March 9, 2015
Congress needs to stop kicking the can down America’s increasingly deficient roads and — after years of stopgap actions and leaner funding — establish long-term, stable and sufficient funding for highways, bridges and other infrastructure.
This approach, urged by the Ohio Chamber of Commerce and its peers in 41 other states in a joint letter to House and Senate leaders, is critical to driving continued economic growth, jobs and trade.
“The ability to cheaply, efficiently and safely transport goods, services and people is critical to Ohio’s economic growth,” Ohio chamber staffer Katie Brown said in a March 3 blog post.
Brown noted that while the chambers are hopeful Congress will solve the problem, “Ohio hasn’t allowed the fate of our infrastructure to sit in Washington’s hands.”
In 2014, Buckeye voters renewed the state’s Capital Improvements Program. And Gov. John Kasich devised a deal to bond the Ohio Turnpike to speed crucial road and bridge projects across Ohio, some delayed for as long as two decades.
But states cannot possibly afford the massive costs involved on their own. In its 2013 Report Card for America’s Infrastructure, the American Society of Civil Engineers gave the United States infrastructure a D-plus grade, finding it “at risk … mostly below standard, with many elements approaching the end of their life service.”
America is conducting a 21st century economy using infrastructure often built more than 50 years ago. Meanwhile, other nations are becoming more competitive.
The state chambers note that China, India and Europe spend 9 percent, 8 percent and 5 percent of their gross domestic product to improve their infrastructure. Yet, they note, “infrastructure investments in the United States have declined to a mere 2.4 percent of GDP.”

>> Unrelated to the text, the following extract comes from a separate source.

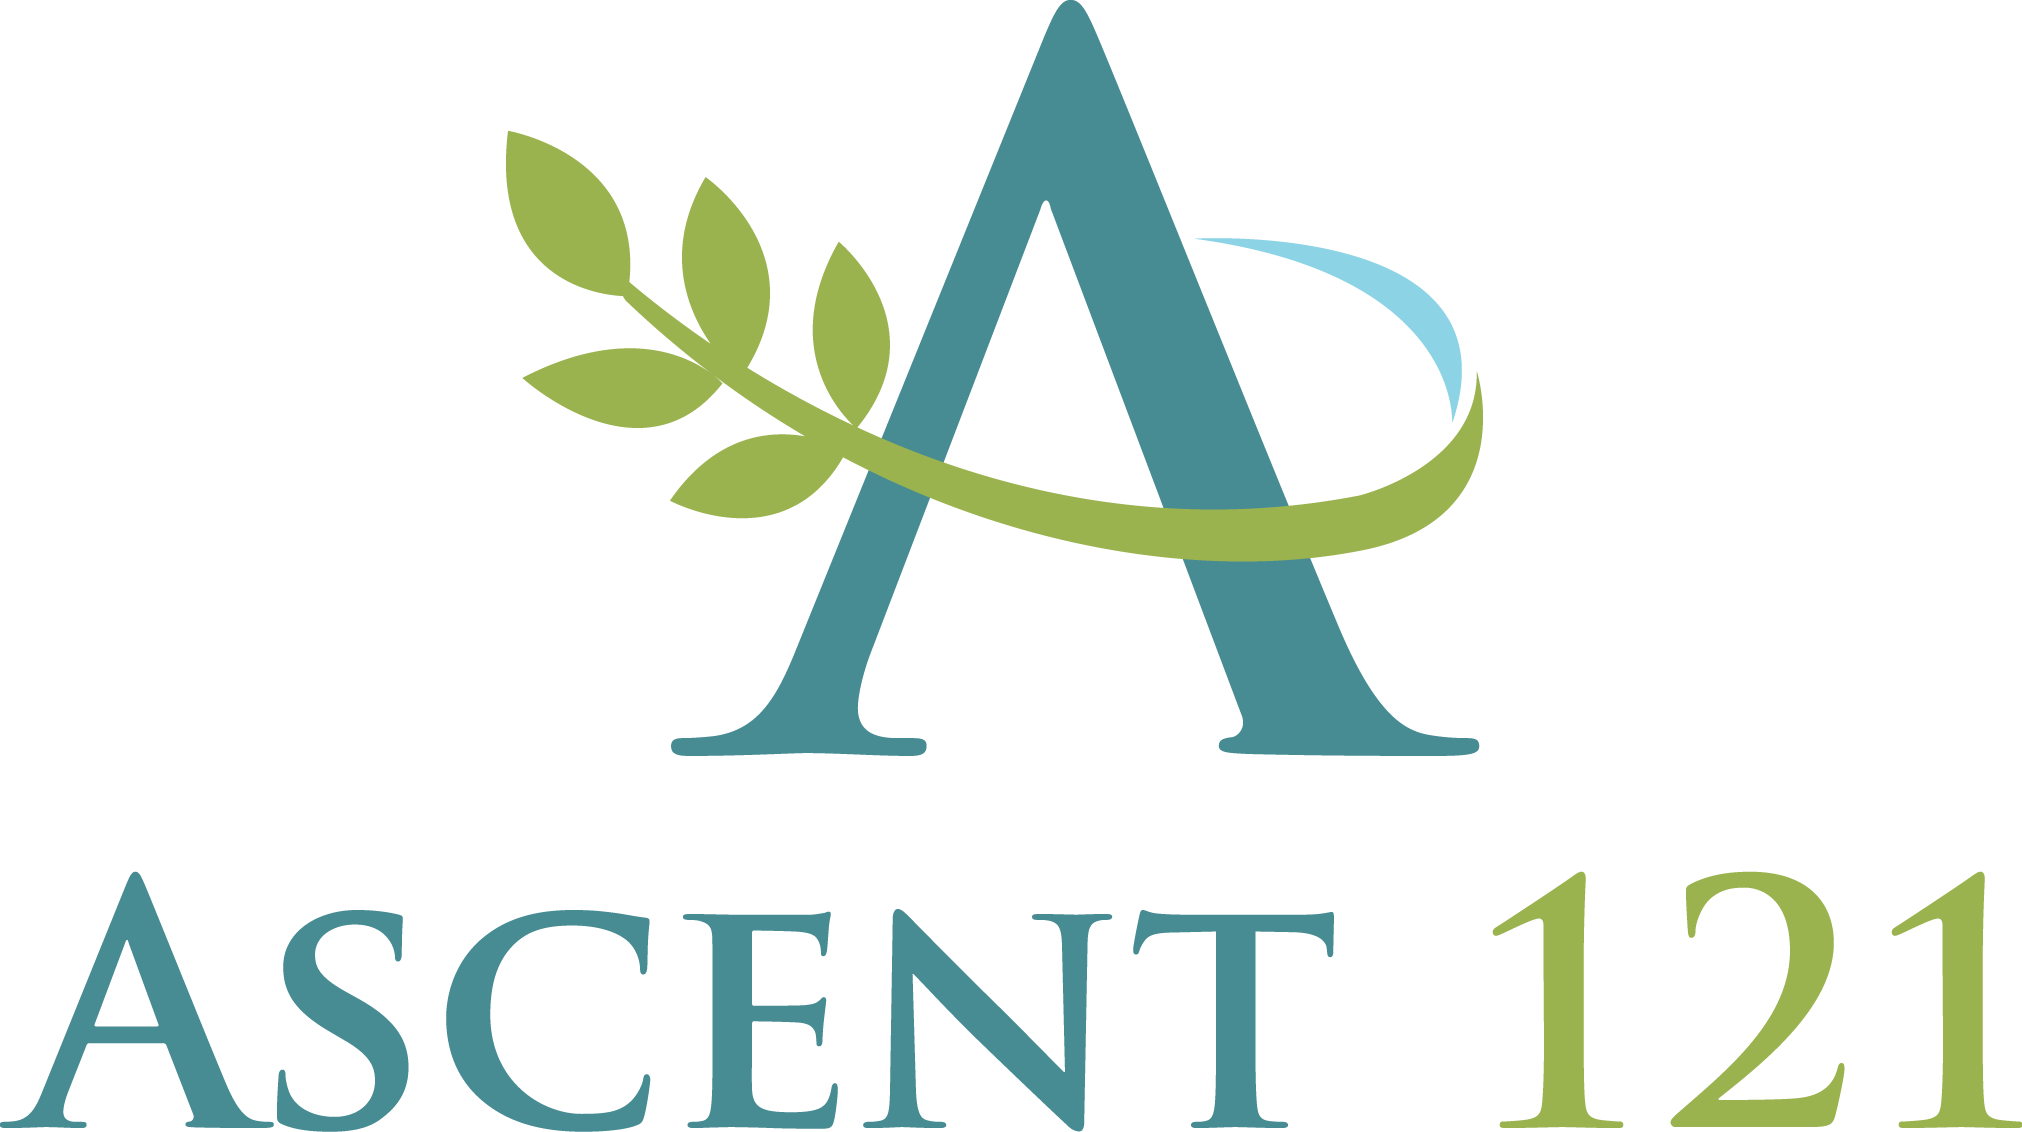 Ascent 121 Logo 2

Even more staggering, the engineers’ society estimates the U.S. needs to invest $3.6 trillion to fix its tired roads, bridges, dams, water systems and other infrastructure by 2020.

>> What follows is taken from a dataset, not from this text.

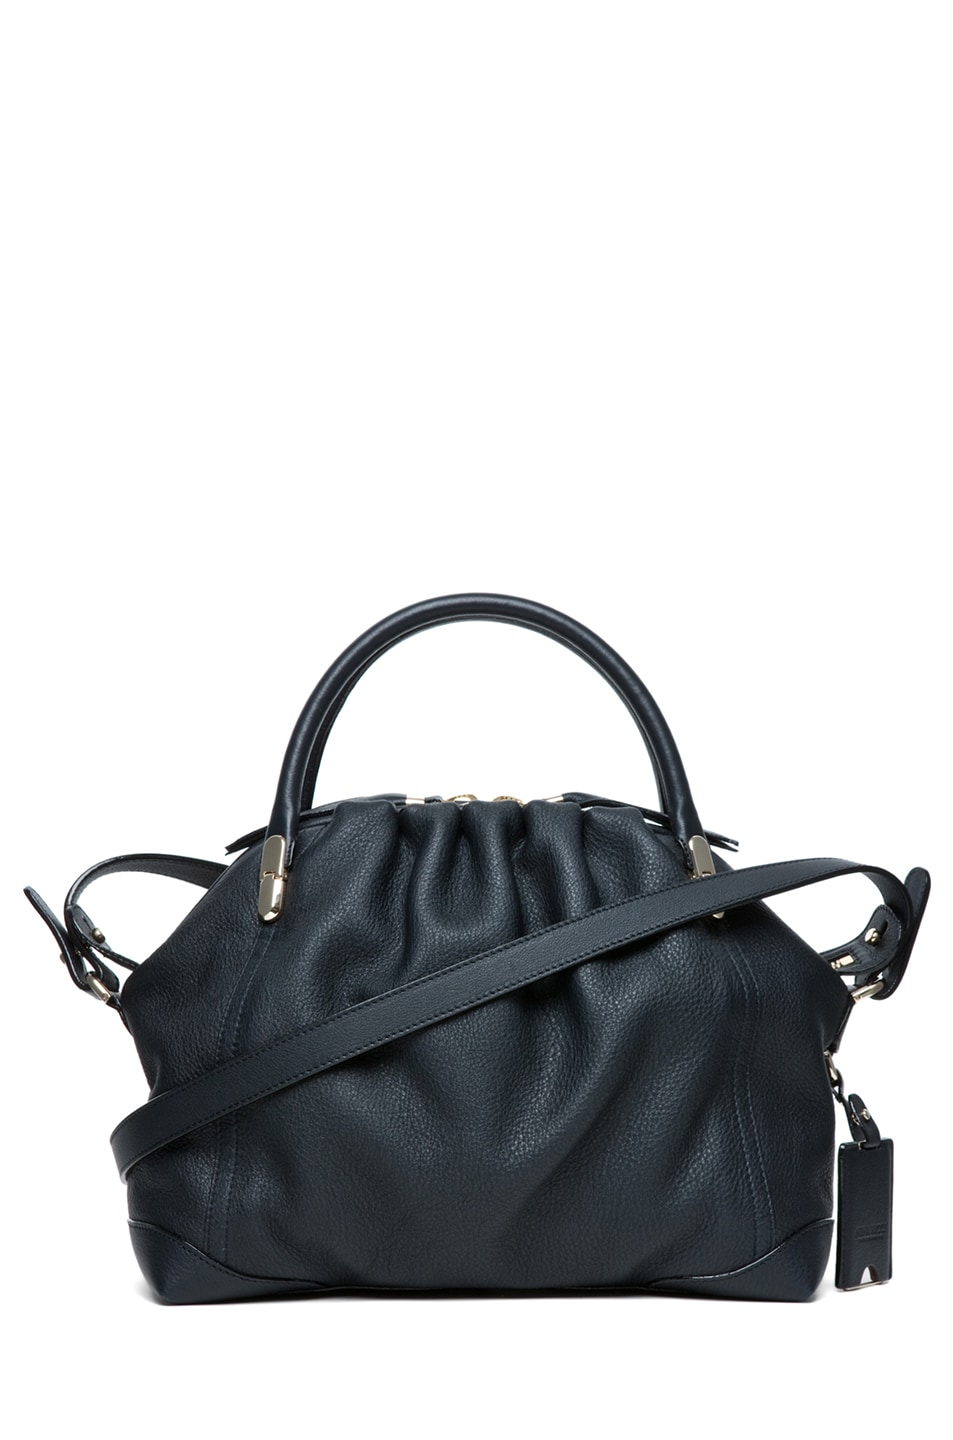 Nina Ricci Small Bag in Noir | FWRD

The state chambers urge Congress to act now to fully fund a long-term extension of the Highway Trust Fund and reauthorize the surface-transportation bill, to provide greater certainty and investment.
This plea comes as funding is set to expire in May on a 2012 bill that was a short-term patch and didn’t significantly increase spending.

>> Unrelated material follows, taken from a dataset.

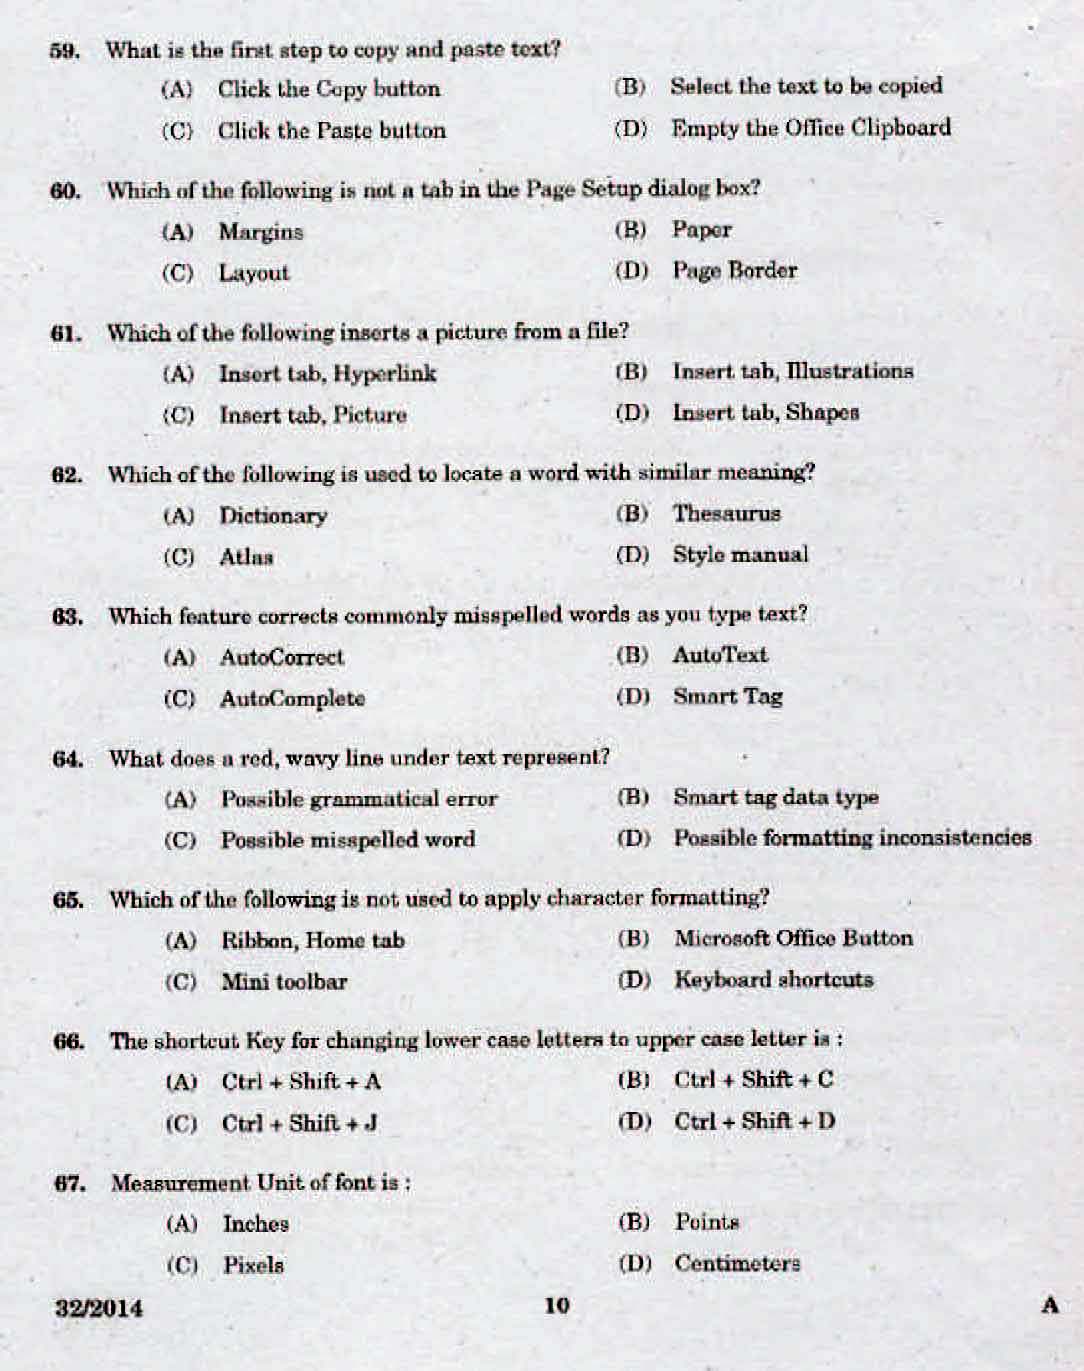 Kerala LD Typist Exam 2014 Question Paper Code 322014 8

The bump in the road, of course, is where to find the money to pay for these projects and who gets what: Rural areas want bridges and roads fixed; cities want bike paths and public transit.
And money is tight. The traditional source of revenues for the Highway Trust Fund, the federal gasoline tax, has failed to keep pace with inflation.
Resolving questions of financing will be difficult, but the chambers are right that Congress should get to it.
As the chamber letter notes: “Our deteriorating national infrastructure is not solely a state issue or a federal issue. It is not a small-business or a large-business issue. It is not a Democratic or a Republican issue — it is an American issue that directly affects our ability to compete in the global marketplace and provide financial security for millions of middle-class American families.”
Unlike much of what occupies Washington’s attention, infrastructure is a fundamental governmental responsibility.